#### DATA EXCERPT

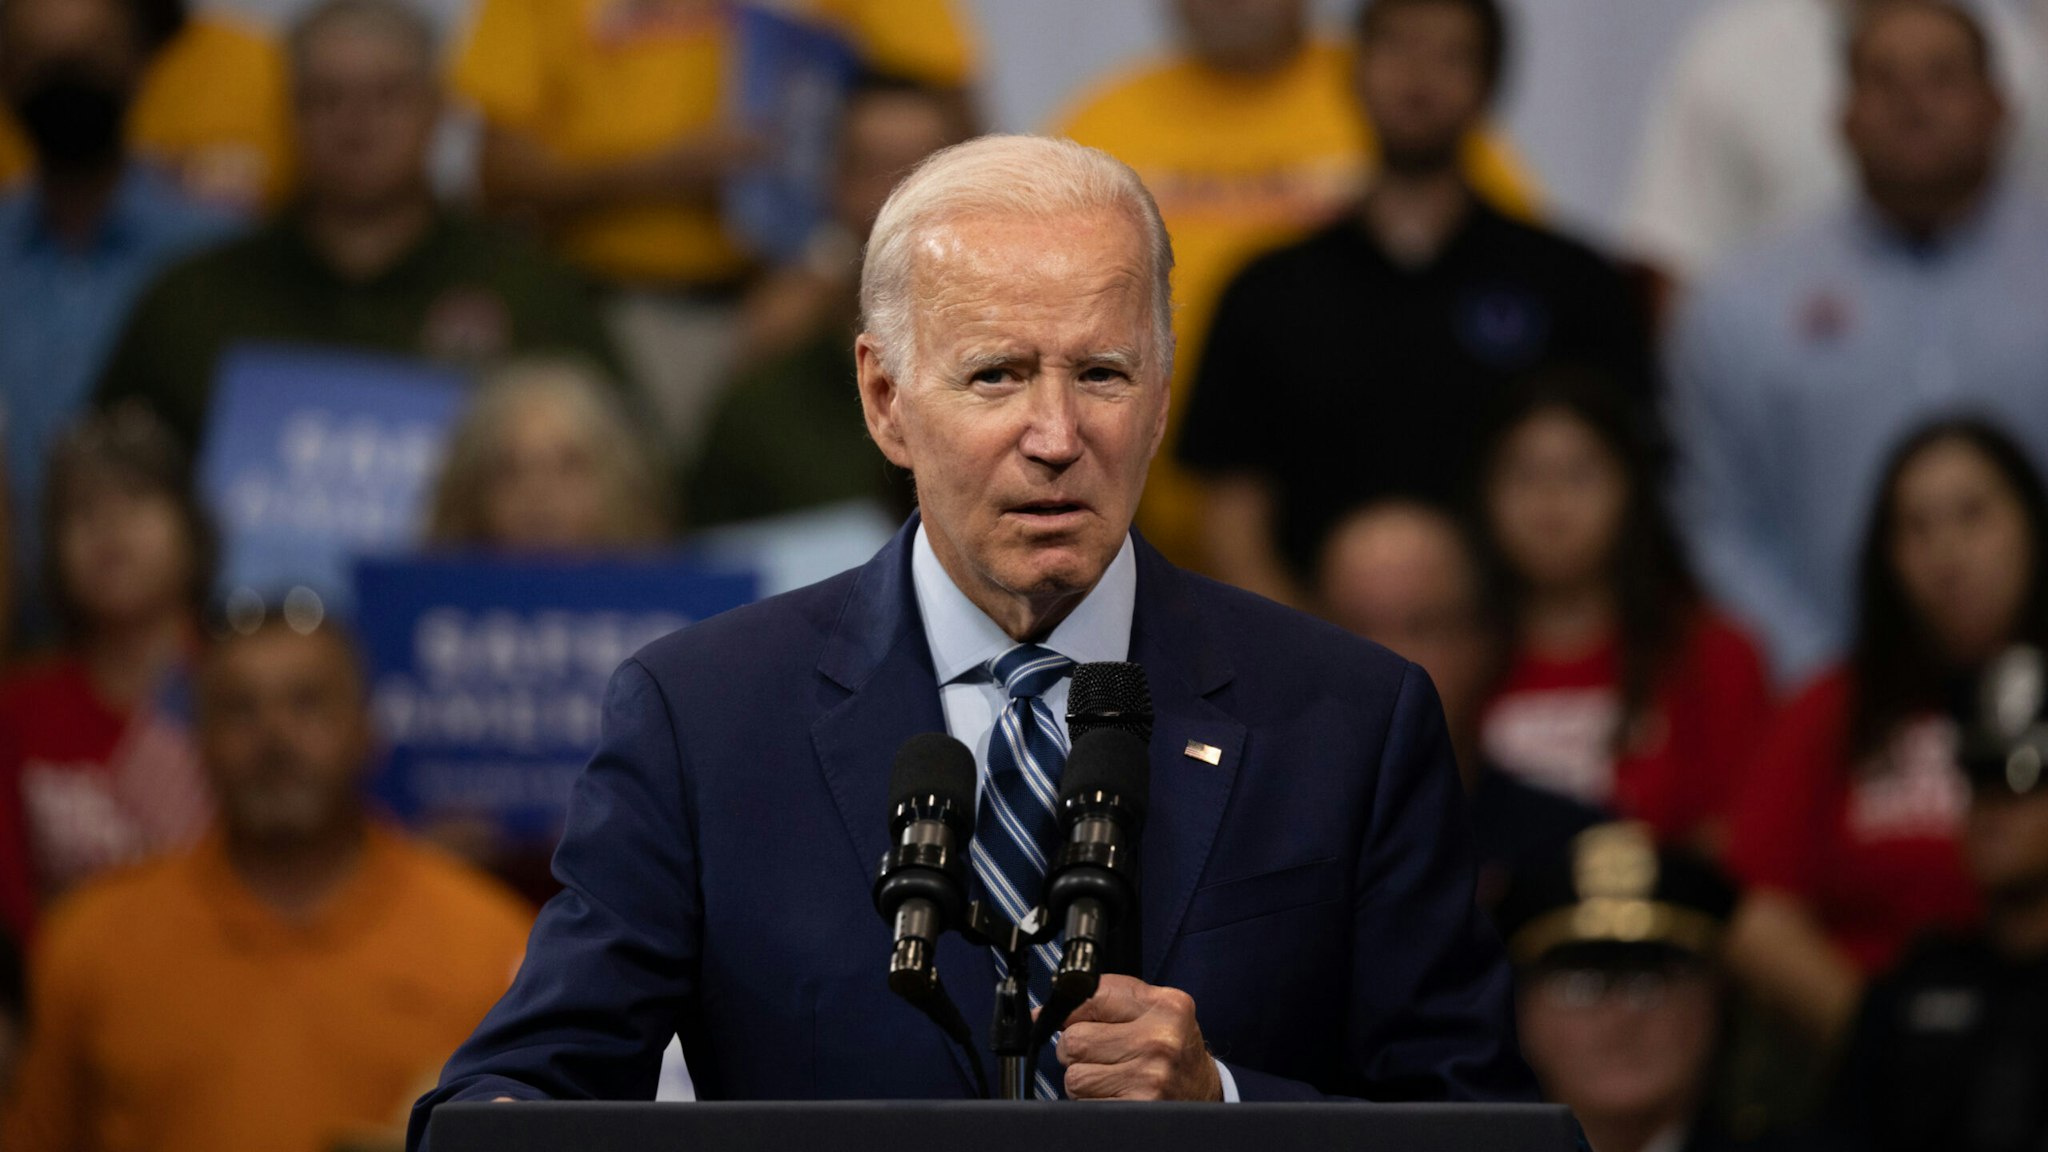 US President Joe Biden speaks at the Arnaud C. Marts Center in Wilkes-Barre, Pennsylvania, US, on Tuesday, Aug. 30, 2022.
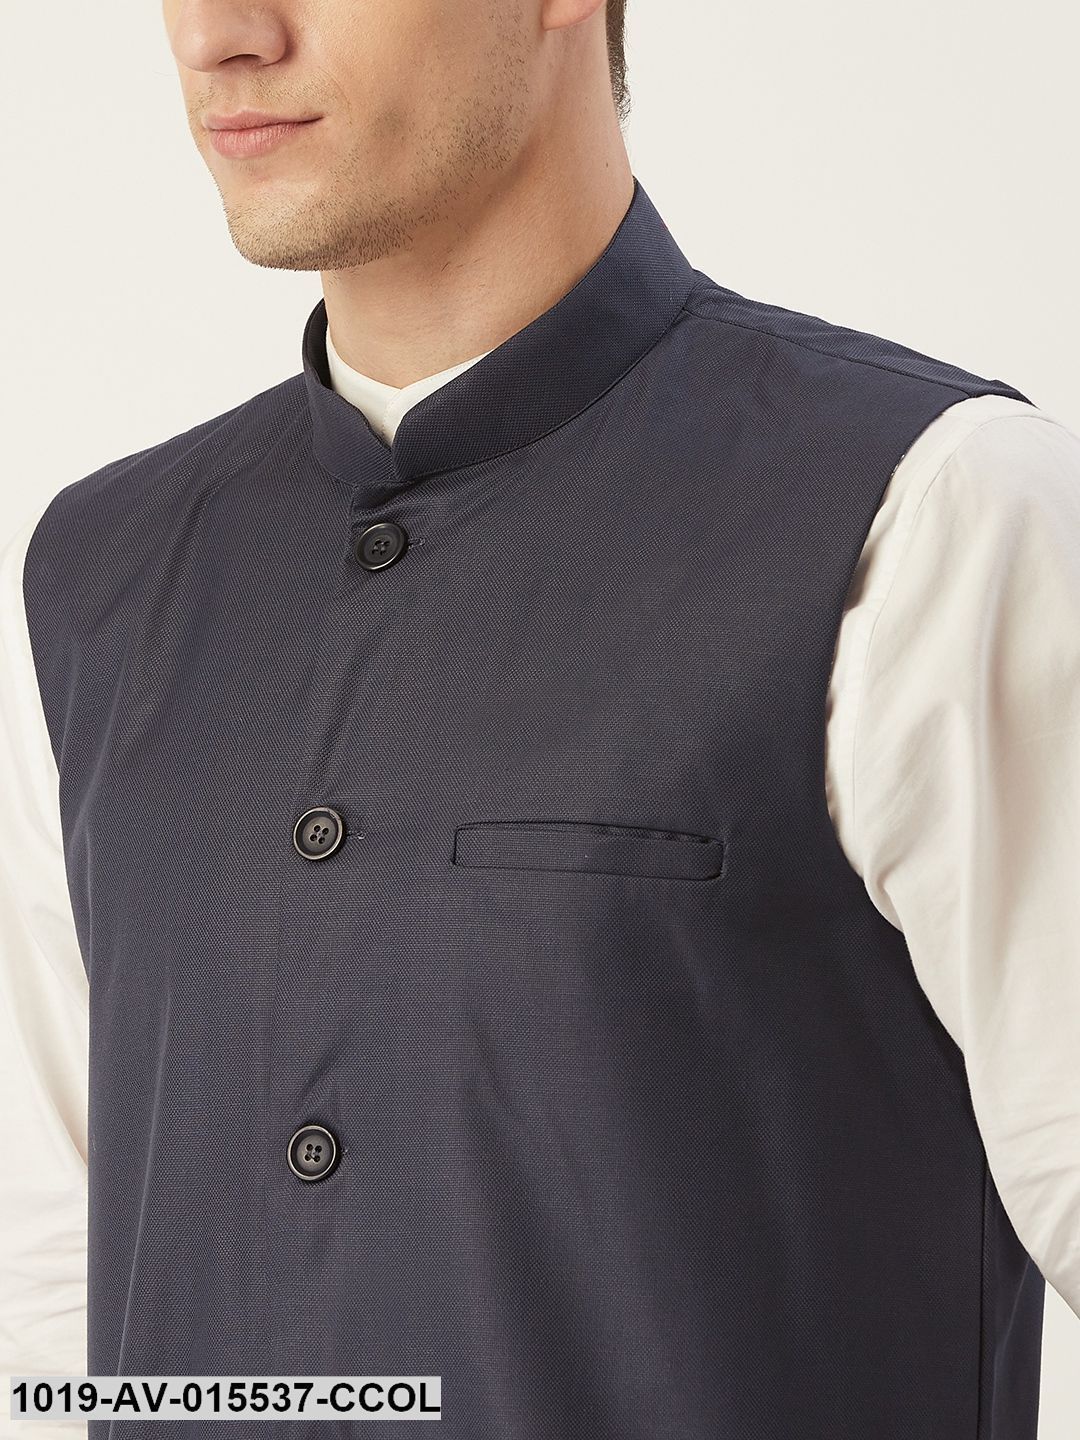 Men's Cotton Blend Charcoal Grey Solid Nehru Jacket - Sojanya
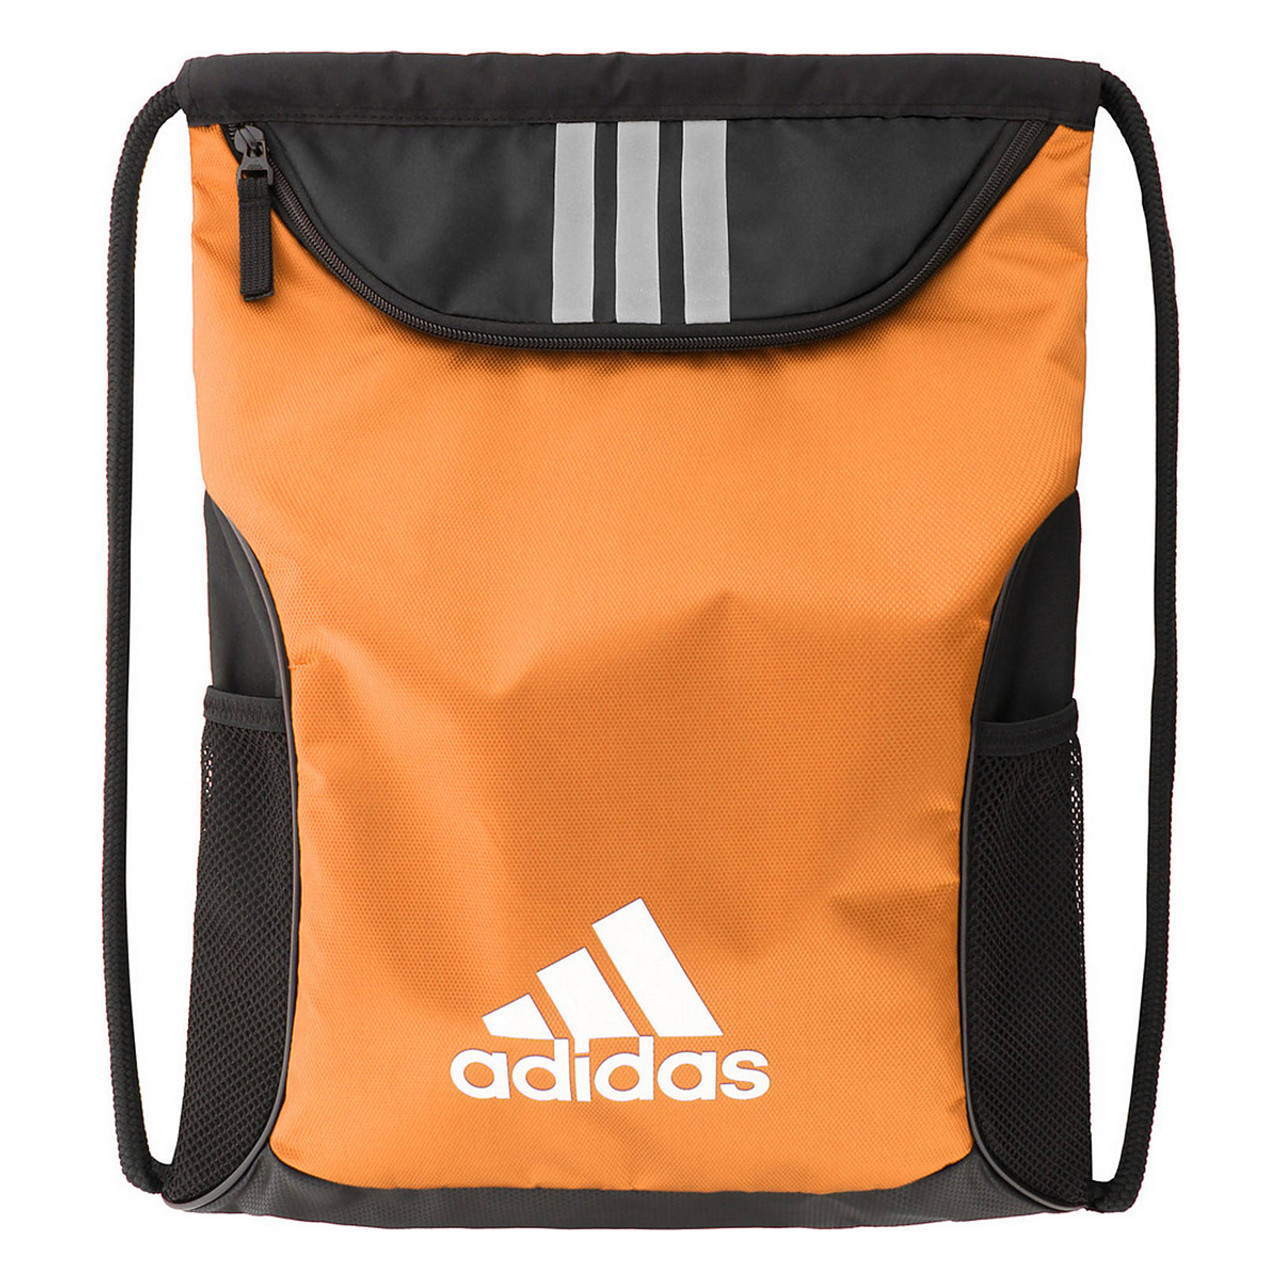 Adidas Team Issue II Sackpack - Various

########

WORK TO COMPLETE: Your output should consist solely of the lines from the line containing "Men's Cotton Blend" through the end of the data above, copied exactly, with images removed.

ANSWER BOX:
 Men's Cotton Blend Charcoal Grey Solid Nehru Jacket - Sojanya
 Adidas Team Issue II Sackpack - Various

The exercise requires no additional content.